Theme OverviewThis theme focuses on how and why definitions and perceptions of regional, cultural, national, and European identity have developed and been challenged over time.
Since 1450, Europeans have understood their place in the world based on their membership in various and sometimes overlapping entities, ranging from small local groupings to fully developed nation-states and multinational organizations. Questions concerning identity have remained constant, even as shifting political, social, economic, religious, and cultural developments, such as the intensely patriotic calls for greater national unity in the 19th century, have brought new units and affiliations into being. In the early modern period, Europeans identified with language groups and political units of varying sizes, such as the Renaissance-era city-state. Early modern Europeans also identified with emerging nation-states such as a unified Spain under King Ferdinand and Queen Isabella, imperial dynasties such as the Habsburg Holy Roman Empire, and the idea of a unified Christendom.
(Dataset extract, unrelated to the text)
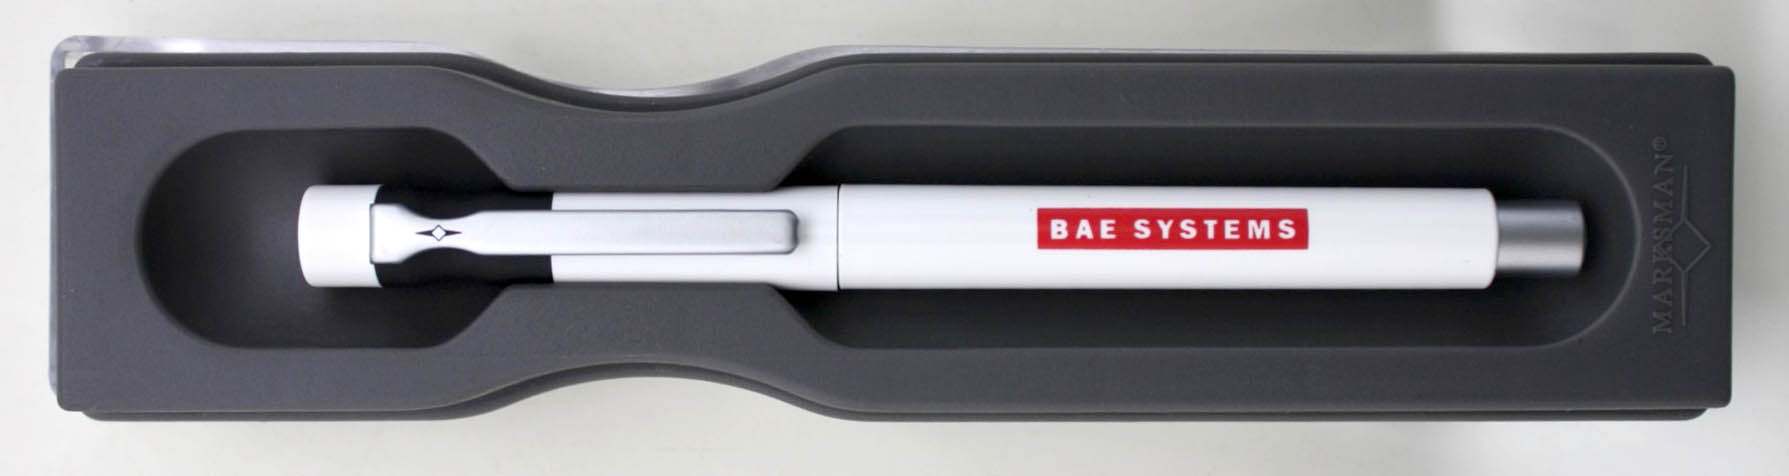 BAE Systems Pen

In the 17th and 18th centuries, monarchs like Louis XIV of France and Peter the Great of Russia built upon a common language and cultural identity in their respective countries to foster the development of national cultures centered around the creation of new types of institutions. In England, after a civil war and period of political experimentation, a system of government emerged where the power of the monarchy was checked by an increasingly bold Parliament. These countries also created national symbols that inspired loyalty in their subjects, though senses of national affiliation were always subject to challenges and change, and were not equally powerful across Europe. Meanwhile, the intellectual movement of the Enlightenment, coupled with French revolutionary ideals, offered a different vision of European identity based on a shared belief in reason, citizenship, and other Enlightenment values. In the 19th century, countries like Germany, Italy, and the Kingdom of the Netherlands were unified through wars, political negotiations, and the promotion of intense feelings of national belonging. At the same time, Romantic writers and artists fostered and built upon feelings of loyalty to the nation, producing works appealing to a common language or cultural identity. However, in the multinational empires that dominated central and eastern Europe until World War I, nationalism also served as a divisive force. At the same time, regional identities based on units either greater or smaller than that of the nation-state -- e.g. Basque, Bavarian, pan-Slav, Flemish, or Irish -- remained popular and influential throughout much of Europe. And even at the height of nationalism, for many workers socialism and the international struggle of the working class competed with nationalism as a framework for identification and loyalty. Especially with the growth of mass politics and media, western Europeans could also identify as part of a larger global entity, whether "overseas France," or the British Empire and in the 20th century the British Commonwealth -- each of which was assumed to have a unique mission and position in the world.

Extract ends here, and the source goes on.